Pat Eisemann has been promoted to executive director of publicity at Holt.
Emma Joss has been promoted to associate publicist for Doubleday.
At Workman Publishing, Jodi Weiss has been promoted to executive director, gift and mass merchant sales; Liz Hunter is taking on the role of associate director, field sales; Caitlin Kleinschmidt will be taking on the additional responsibility of managing Workman’s relationship with Baker and Taylor in addition to her other duties as national account manager; Angela Campbell moves up to director of sales operations; and JT Green has been promoted to sales analyst. Terri Ruffino will join the company’s art department as director, special projects. She has been a freelancer at Workman, after serving as director of graphics at Macy’s.
Sara Hartman-Seeskin has been promoted to senior sales manager, rights and exports at Sourcebooks.
Lauren Cerand has joined A Public Space as marketing and development director, working in the office two days per week.
Awards
Anthony Marra, won the Simpson Family Literary Prize, a $50,000 award honoring mid-career authors.

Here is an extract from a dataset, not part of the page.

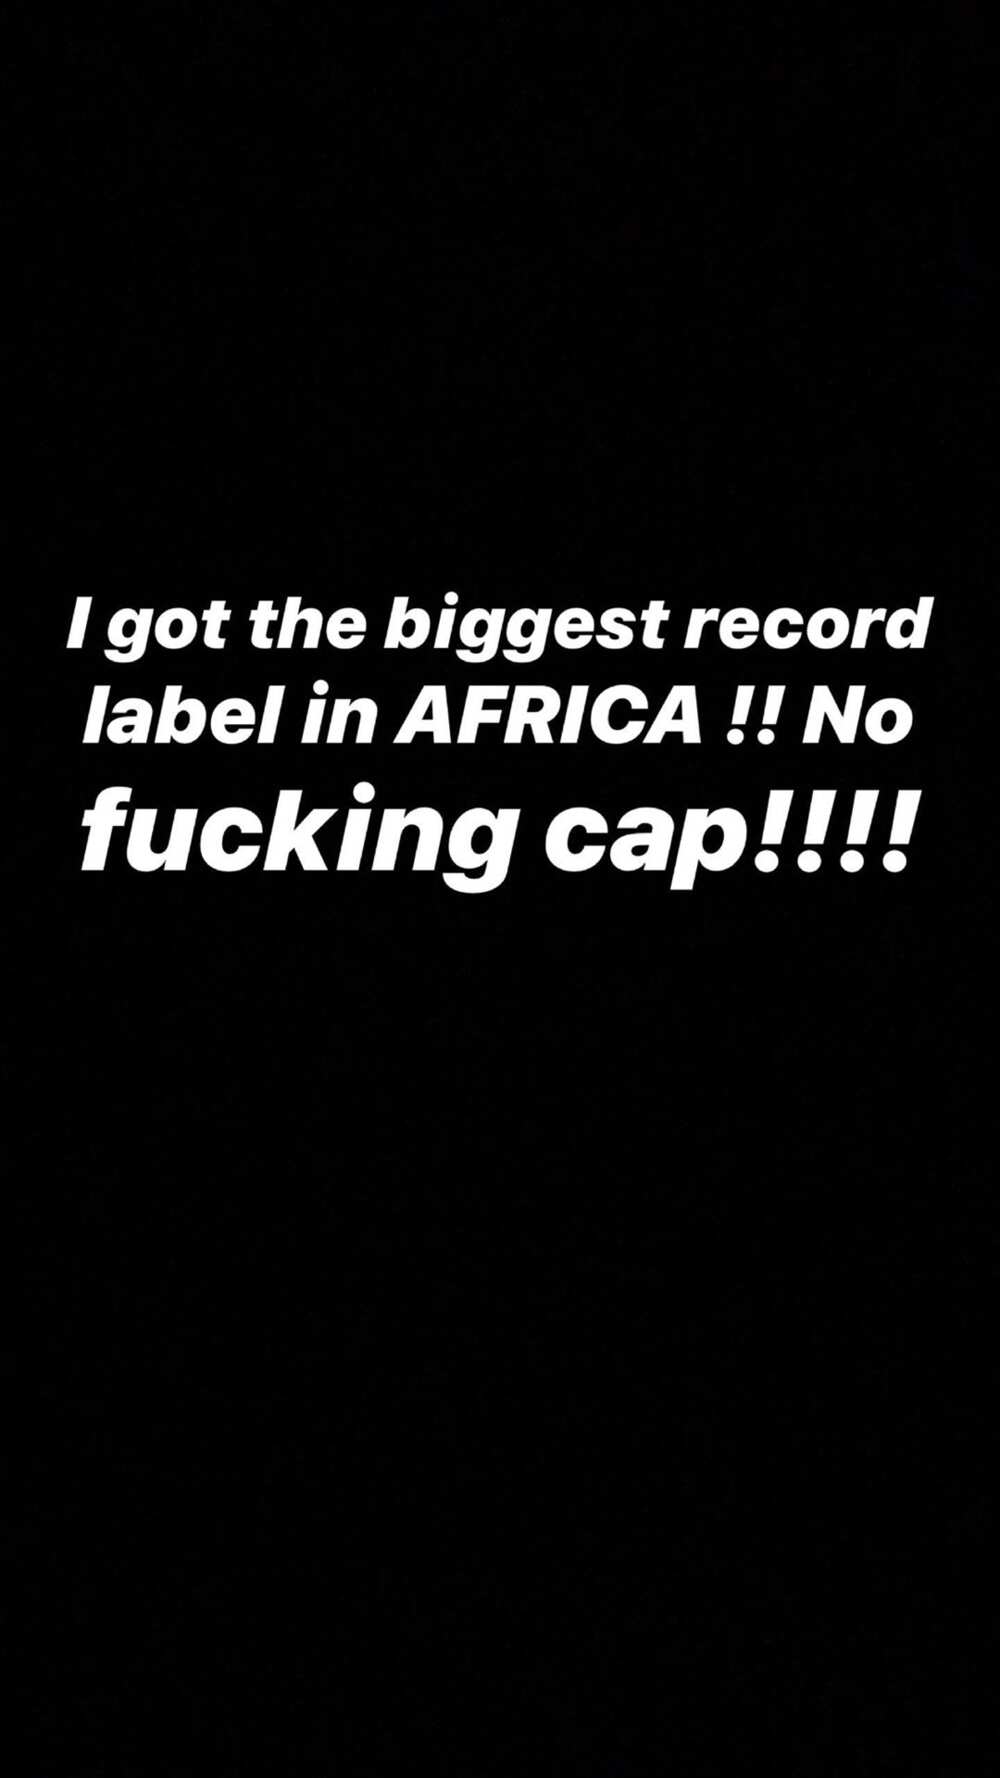 Davido declares his record label the best in Africa

Three of the 18 judges for the Nobel Prize for literature have resigned, following the scandal from last December, when prominent Swede Jean-Claude Arnault was accused of multiple incidents of sexual assault and harassment but also with leaking the winners of the Nobel Prize in Literature in advance on multiple occasions (his wife Katarina Frostenson Arnault is a member of the Swedish Academy). The AP reports that Klas Ostergren, Kjell Espmark and former permanent secretary Peter Englund resigned after losing a vote to exclude Katarina Frostenson going forward. The move is extraordinary, since committee members are appointed for life. Englund wrote in a Swedish newspaper, “Decisions have been made which I can neither support nor defend and I have therefore decided not to participate anymore in the work of the Swedish Academy.”
Bookselling
A sale of Waterstones to hedge fund Elliott Advisors, the UK branch of Paul Singer’s Elliott Management, is “likely to close” at the end of April, according to the belief of a single source speaking to the Bookseller. Closing a deal has already taken longer than expected, since Sky News reported in late January that Elliott was given “a short period of exclusivity within which to conclude negotiation.” The sale has caused a delay in pay raises to senior booksellers. The UK’s national minimum wage rose on April 1 to £7.83 an hour for people over 25. The bookseller’s managing director James Daunt said senior staff could expect a raise soon and “the increase would not need to wait for the new owners.”